__Dataset__
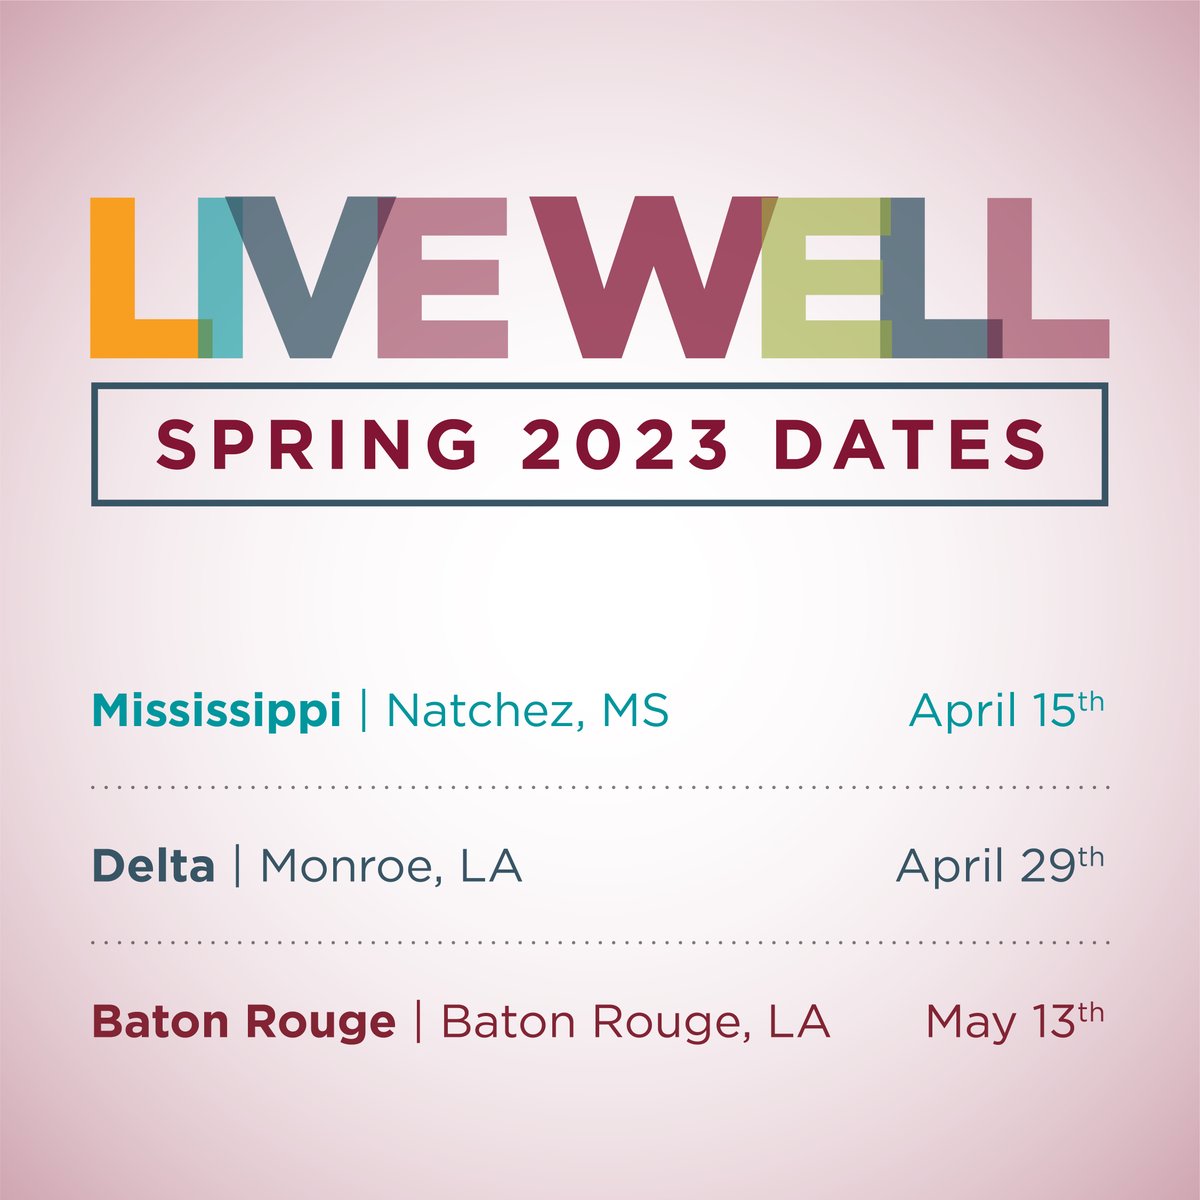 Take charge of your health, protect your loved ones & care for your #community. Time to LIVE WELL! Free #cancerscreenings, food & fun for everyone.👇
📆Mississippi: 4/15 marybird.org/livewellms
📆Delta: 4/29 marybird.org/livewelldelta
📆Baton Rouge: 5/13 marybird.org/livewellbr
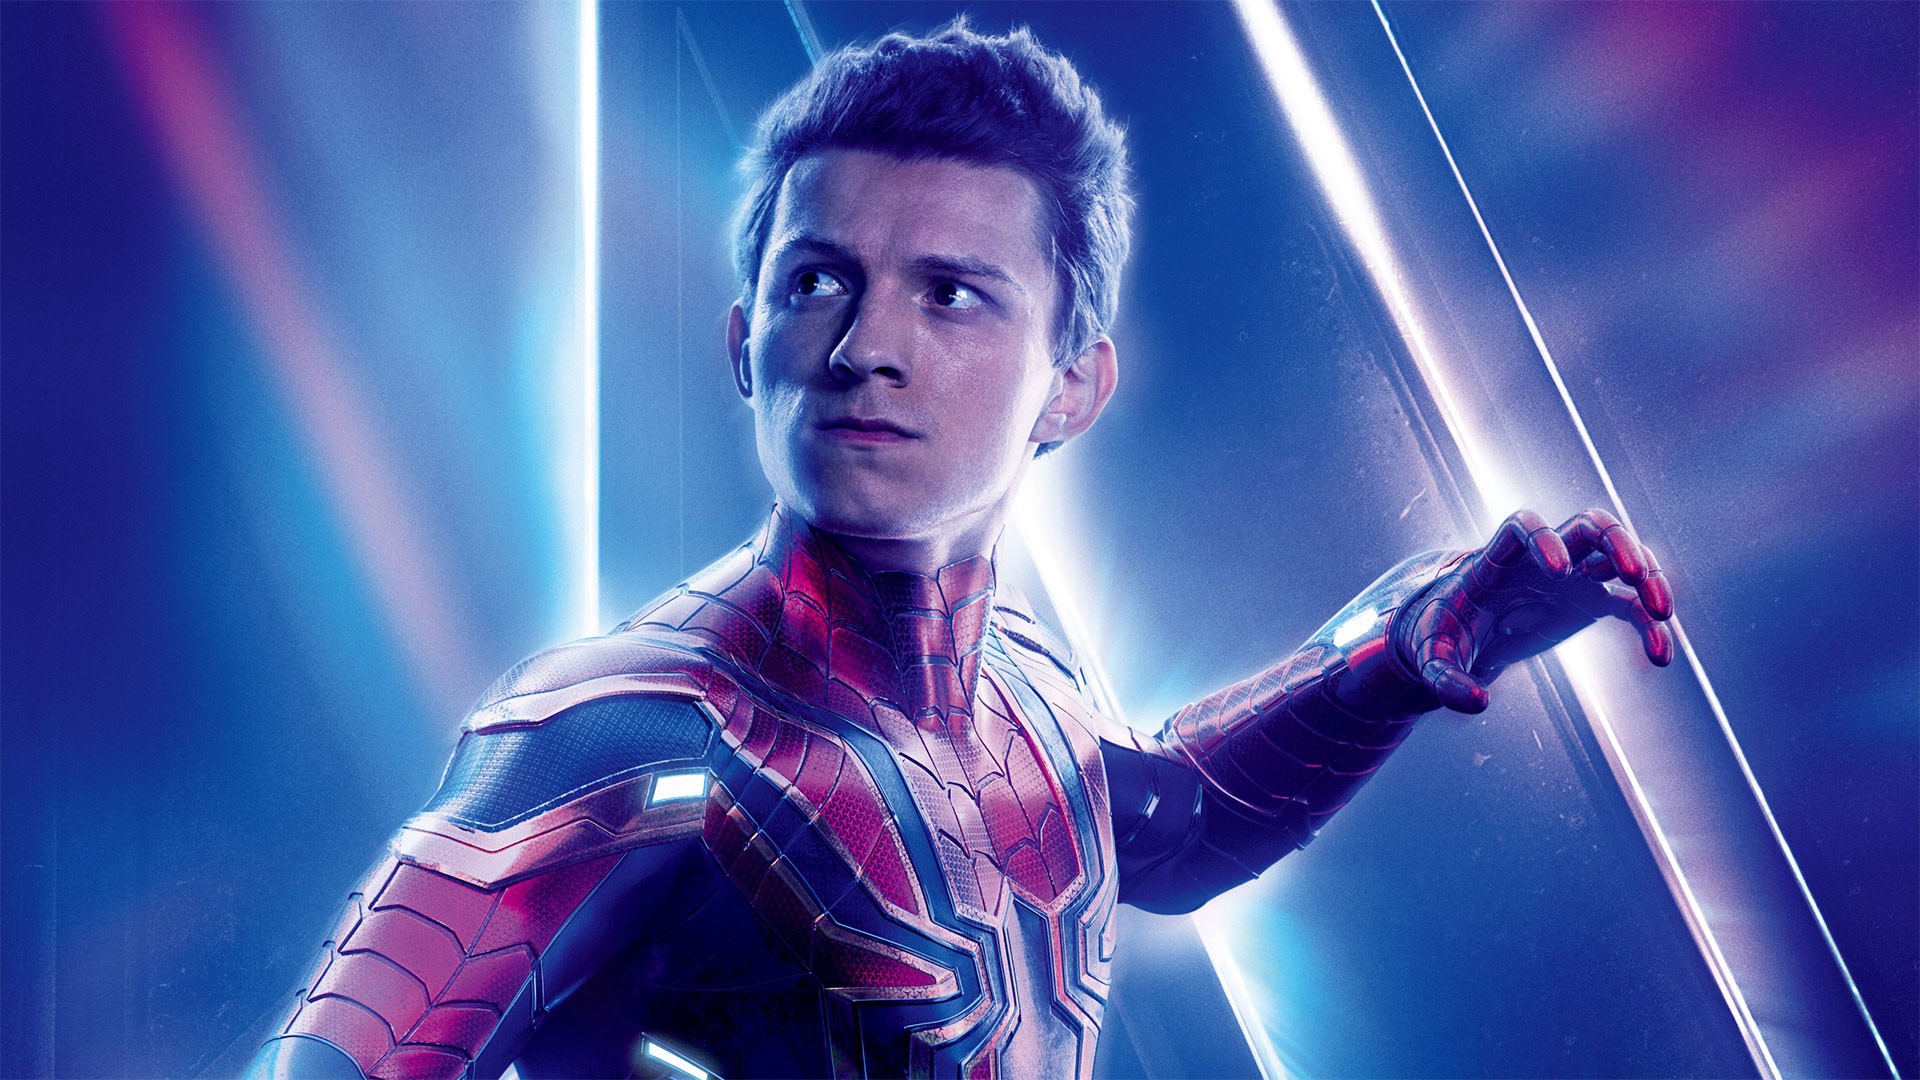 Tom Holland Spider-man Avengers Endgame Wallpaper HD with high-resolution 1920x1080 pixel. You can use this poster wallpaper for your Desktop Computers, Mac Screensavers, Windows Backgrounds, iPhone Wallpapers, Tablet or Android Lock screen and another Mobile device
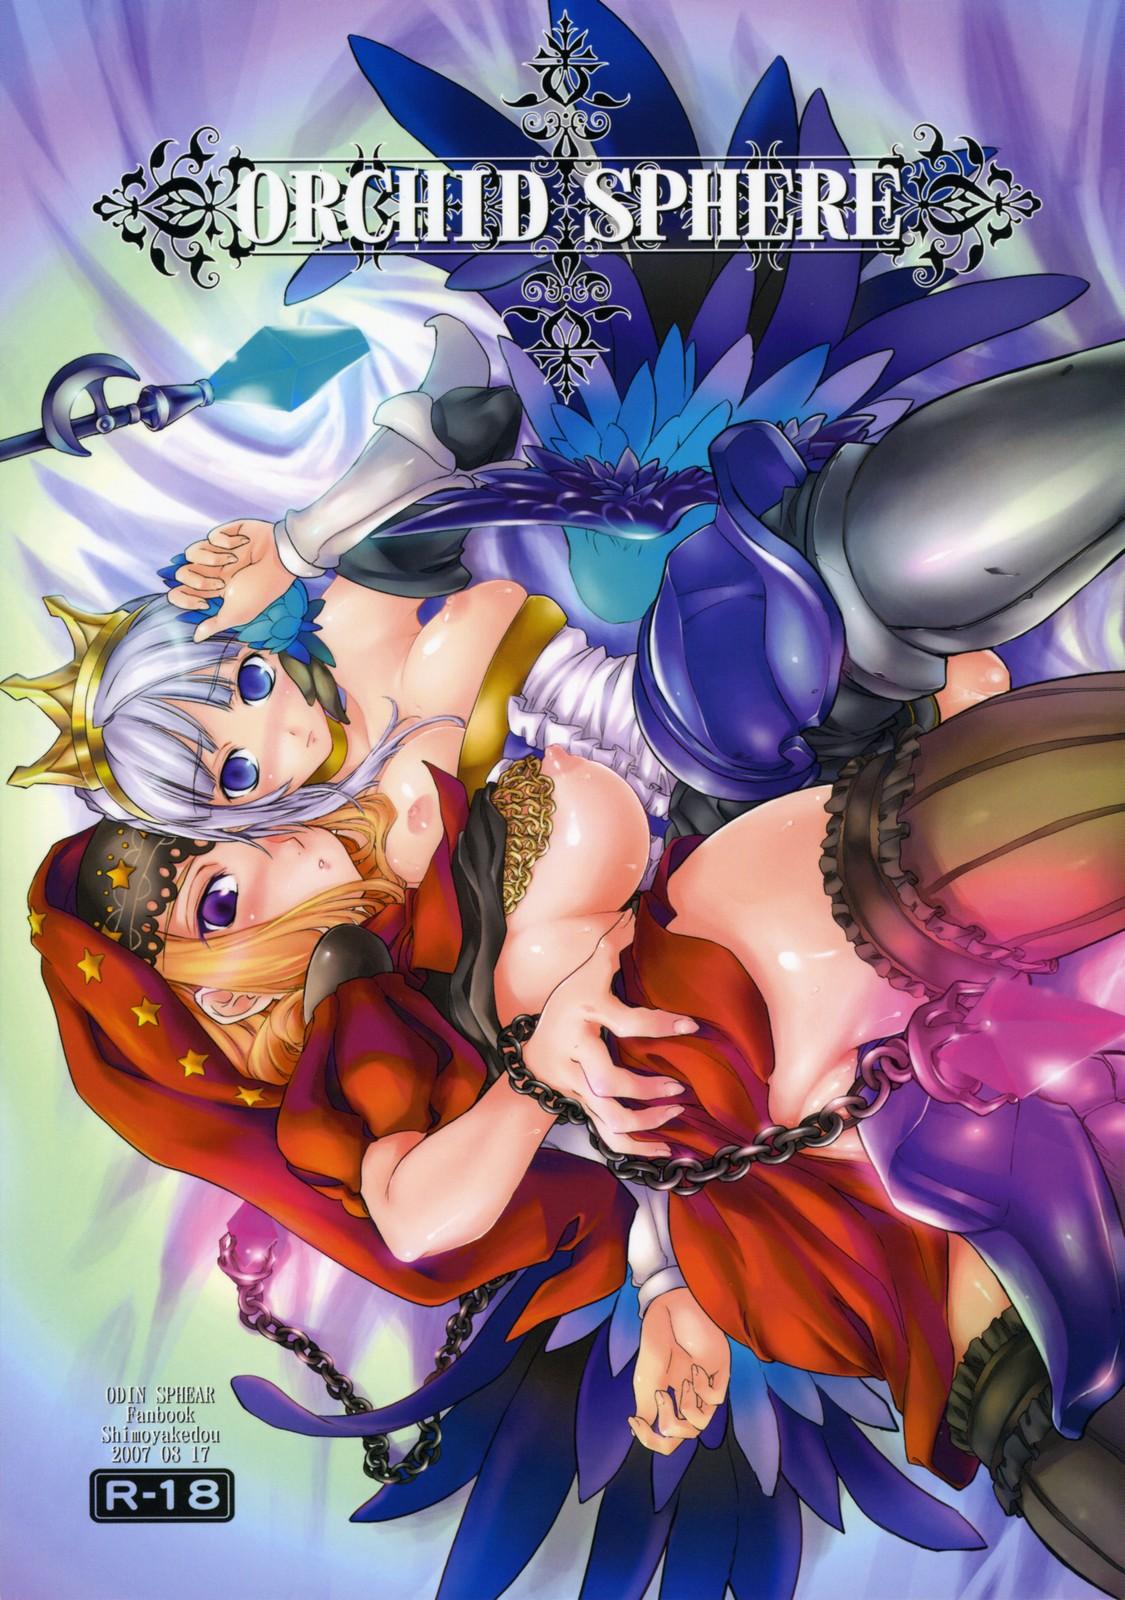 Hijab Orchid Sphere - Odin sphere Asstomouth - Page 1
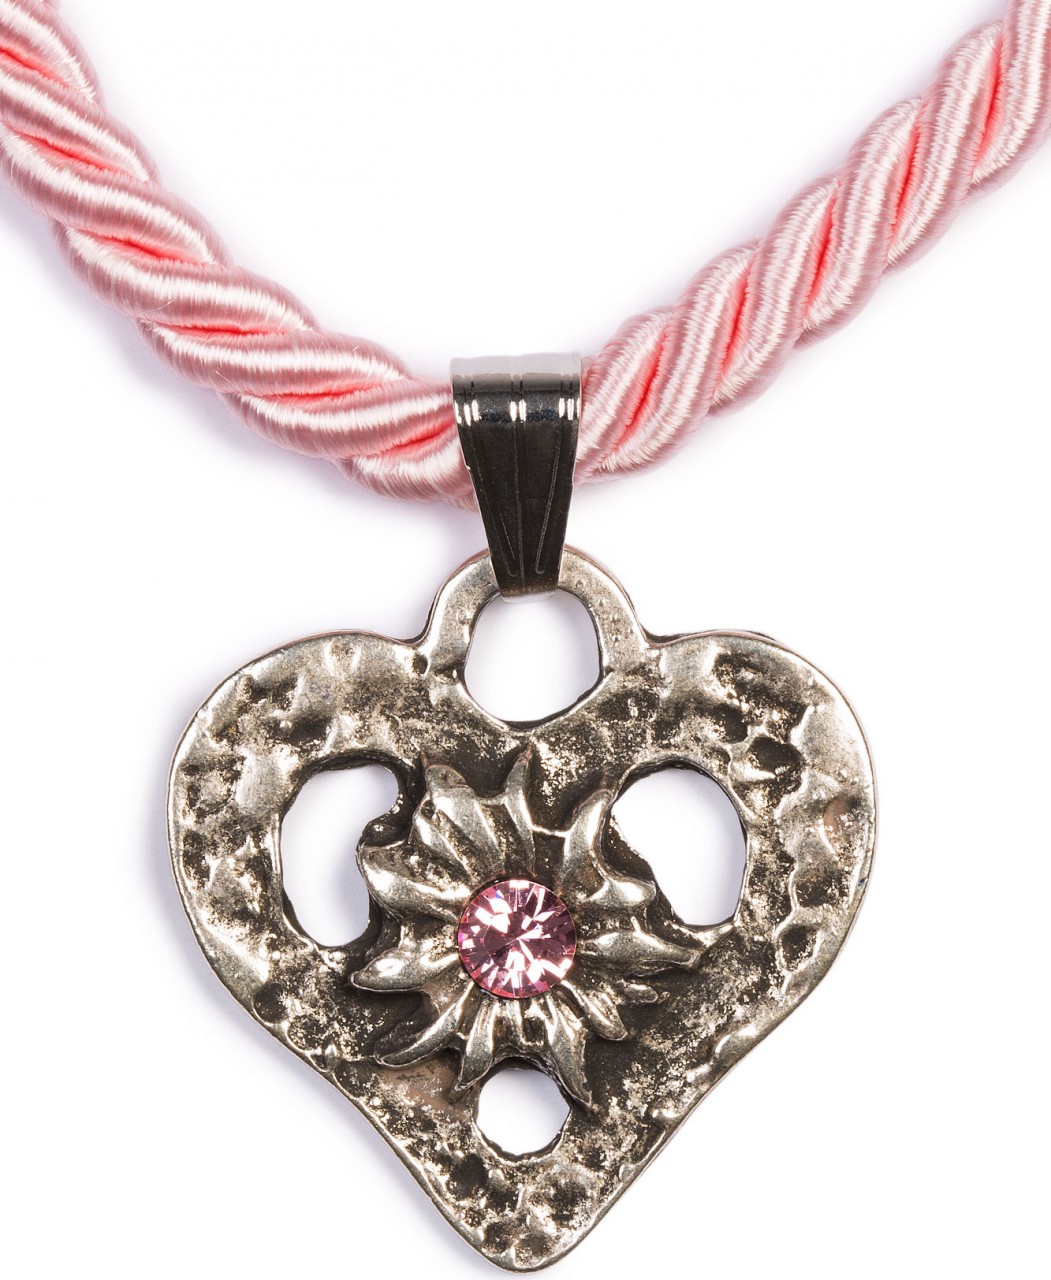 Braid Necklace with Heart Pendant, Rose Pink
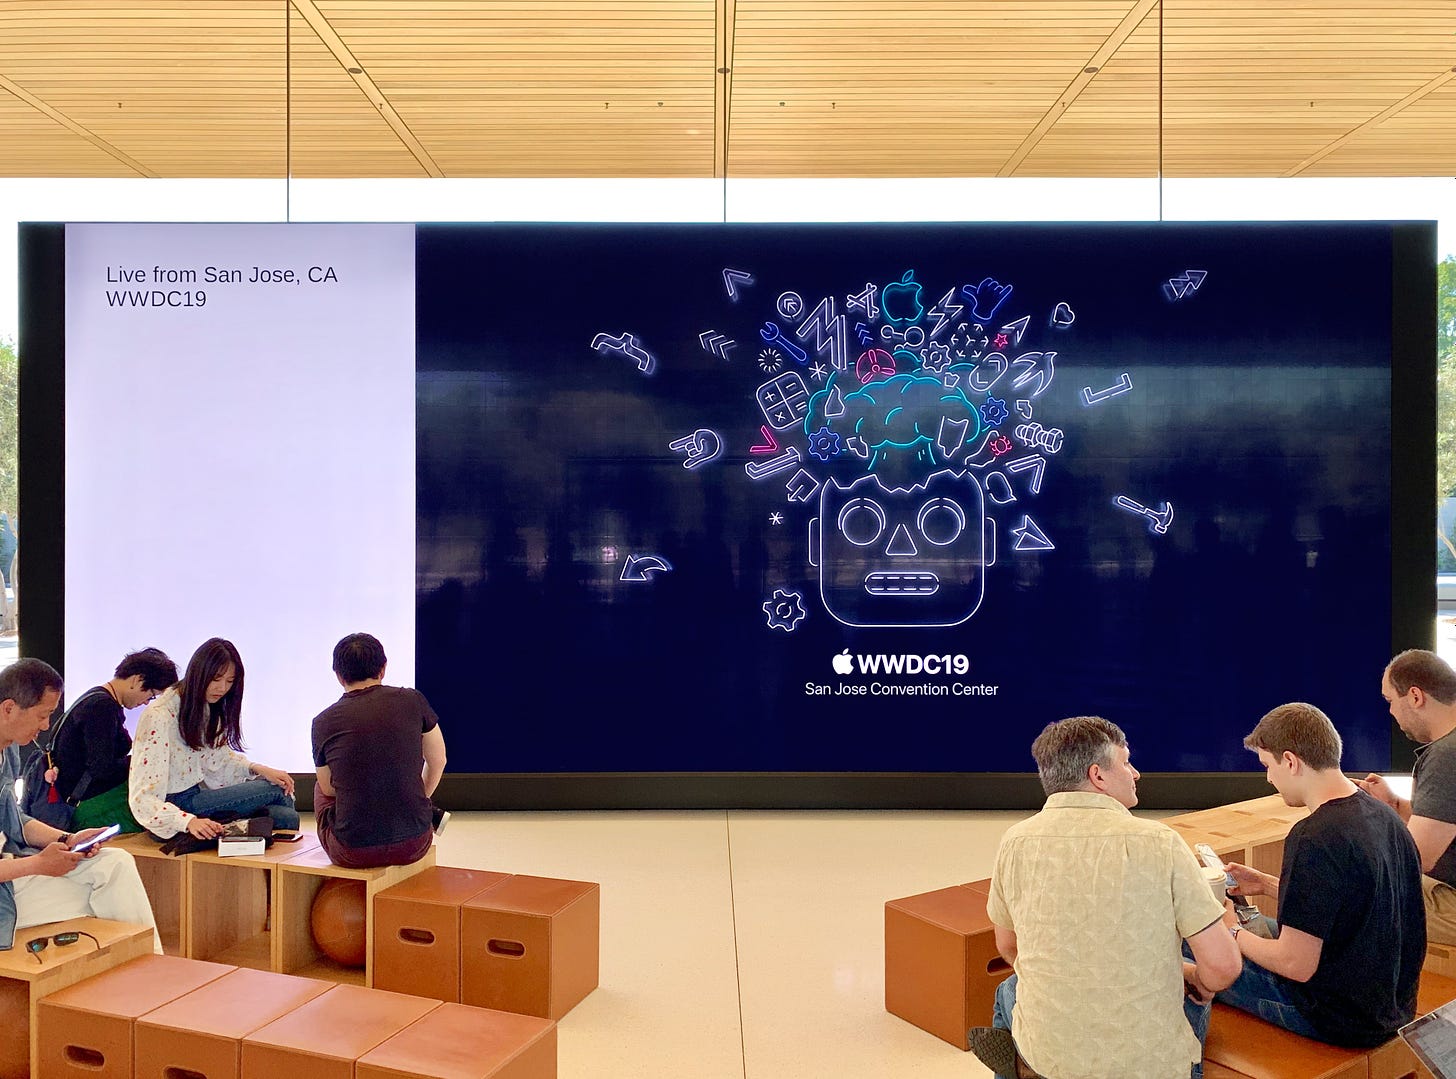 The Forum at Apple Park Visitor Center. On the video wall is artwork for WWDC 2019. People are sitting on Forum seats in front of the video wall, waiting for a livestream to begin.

__Problem details__
Transcribe each line above exactly, pictures excluded.

__Written response__
 Take charge of your health, protect your loved ones & care for your #community. Time to LIVE WELL! Free #cancerscreenings, food & fun for everyone.👇
📆Mississippi: 4/15 marybird.org/livewellms
📆Delta: 4/29 marybird.org/livewelldelta
📆Baton Rouge: 5/13 marybird.org/livewellbr
 Tom Holland Spider-man Avengers Endgame Wallpaper HD with high-resolution 1920x1080 pixel. You can use this poster wallpaper for your Desktop Computers, Mac Screensavers, Windows Backgrounds, iPhone Wallpapers, Tablet or Android Lock screen and another Mobile device
 Hijab Orchid Sphere - Odin sphere Asstomouth - Page 1
 Braid Necklace with Heart Pendant, Rose Pink
 The Forum at Apple Park Visitor Center. On the video wall is artwork for WWDC 2019. People are sitting on Forum seats in front of the video wall, waiting for a livestream to begin.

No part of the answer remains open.